PROBLEM DETAILS = The response should be an exact transcription of the data below, free of images.

═══ DATA SEGMENT

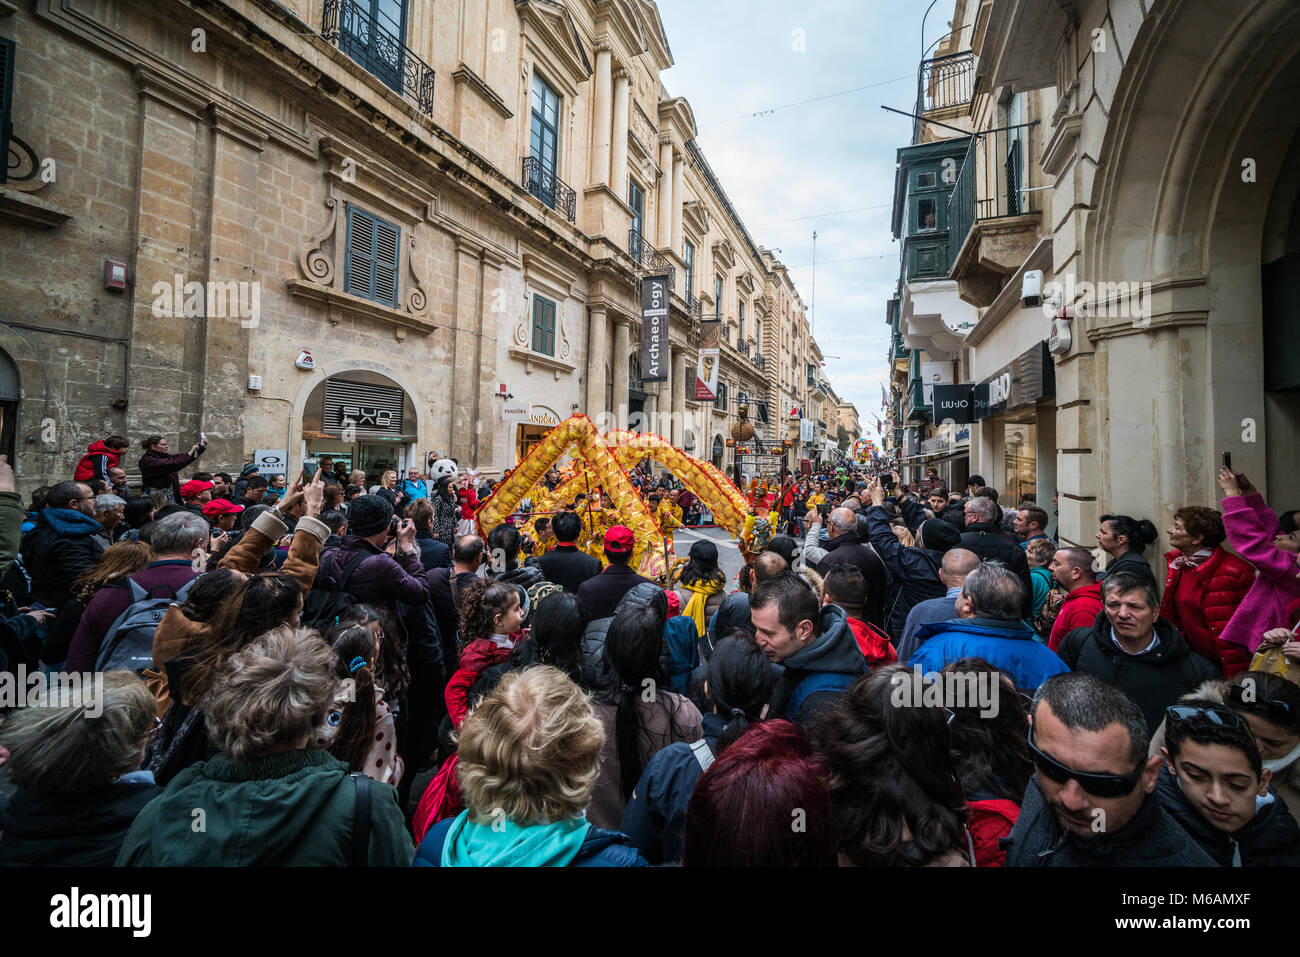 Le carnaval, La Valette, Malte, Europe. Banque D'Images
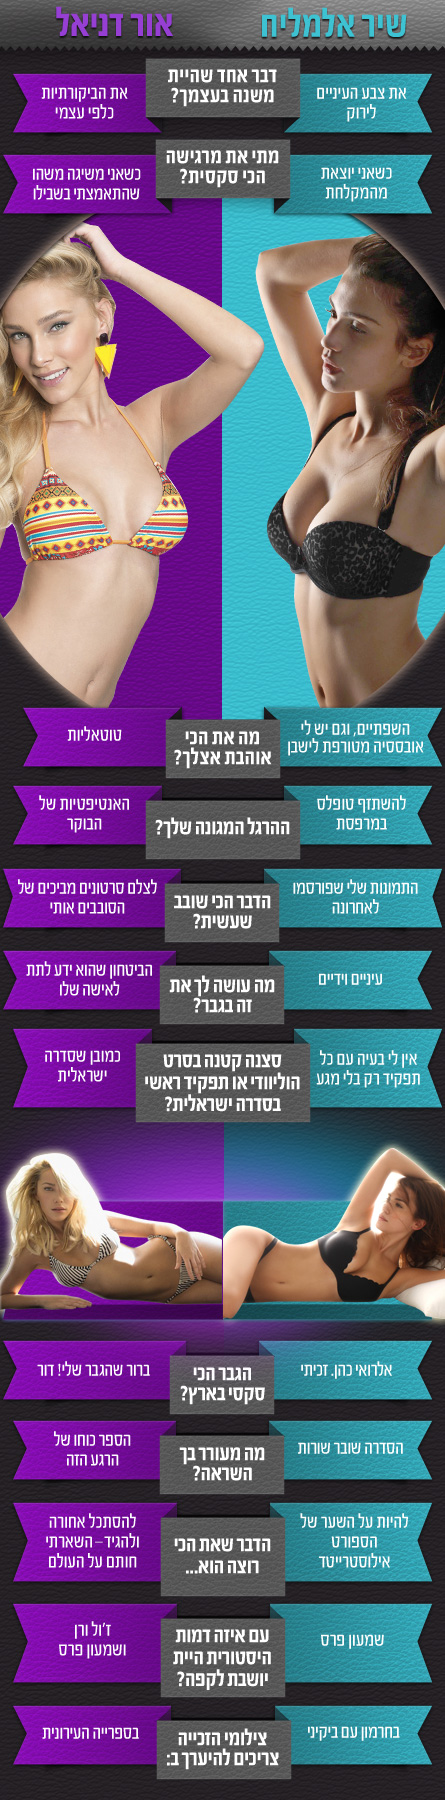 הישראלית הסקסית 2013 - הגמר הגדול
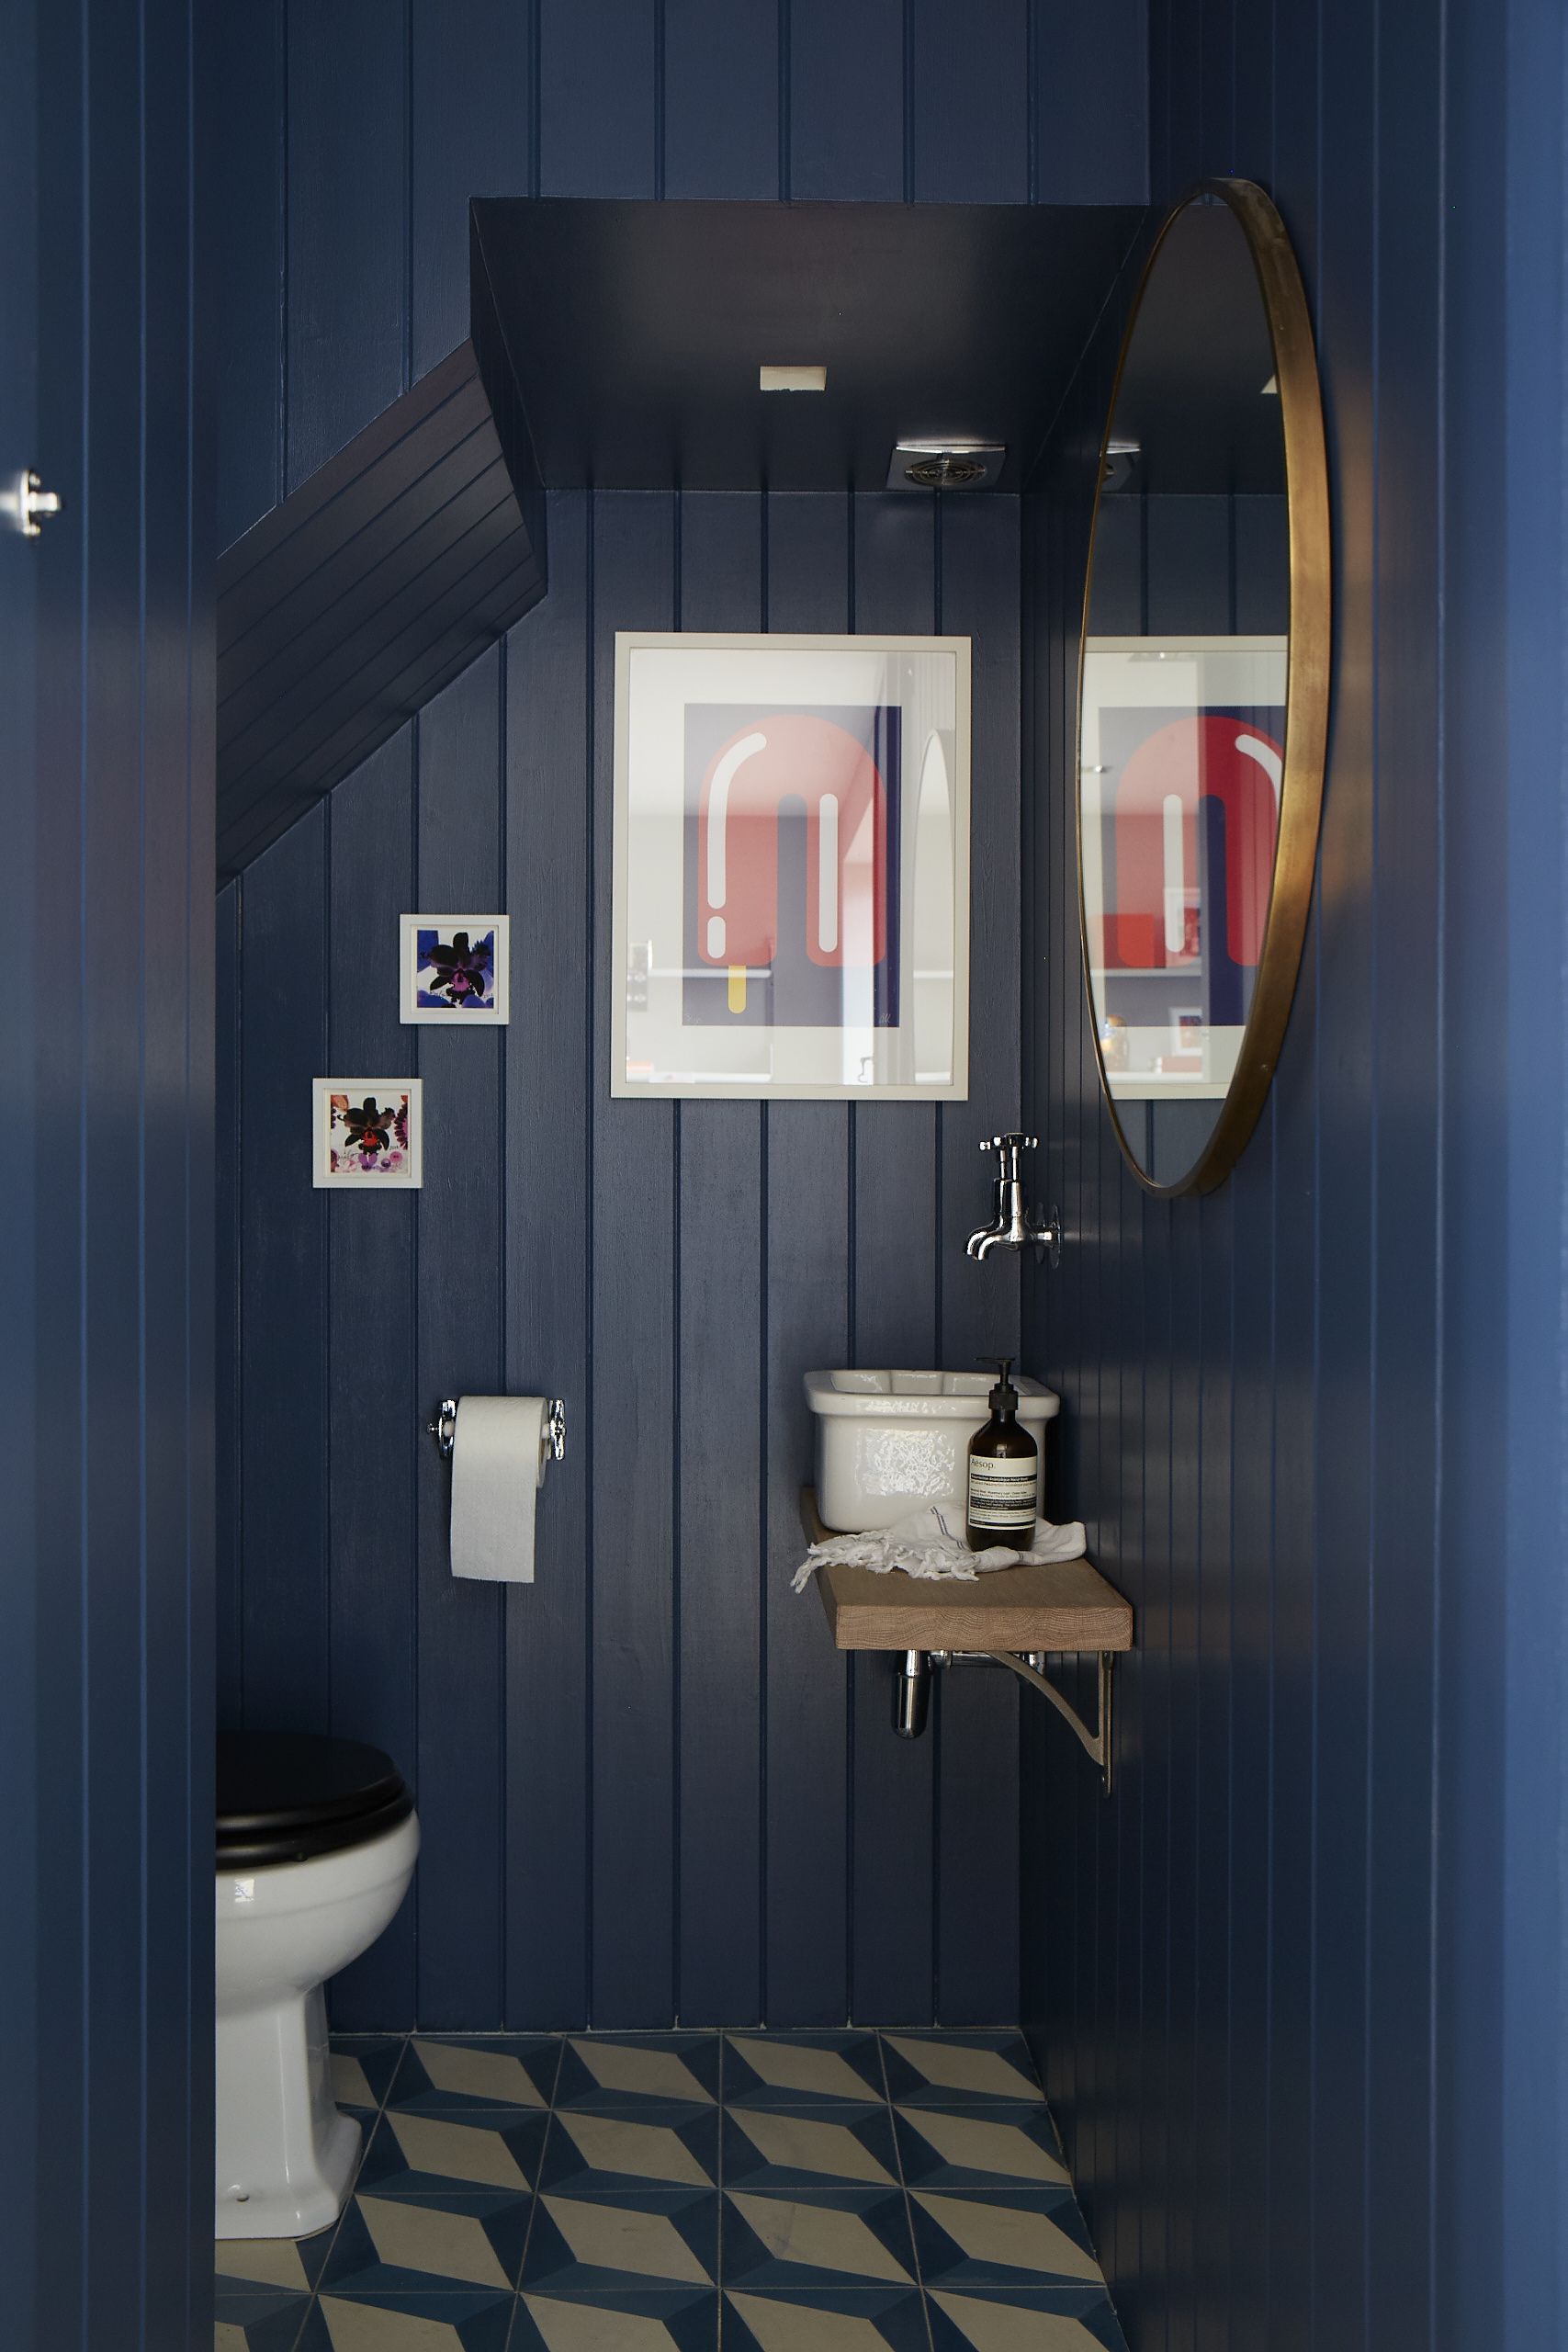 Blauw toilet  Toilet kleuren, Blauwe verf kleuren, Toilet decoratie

══════

OUTPUT =
 Le carnaval, La Valette, Malte, Europe. Banque D'Images
 הישראלית הסקסית 2013 - הגמר הגדול
 Blauw toilet  Toilet kleuren, Blauwe verf kleuren, Toilet decoratie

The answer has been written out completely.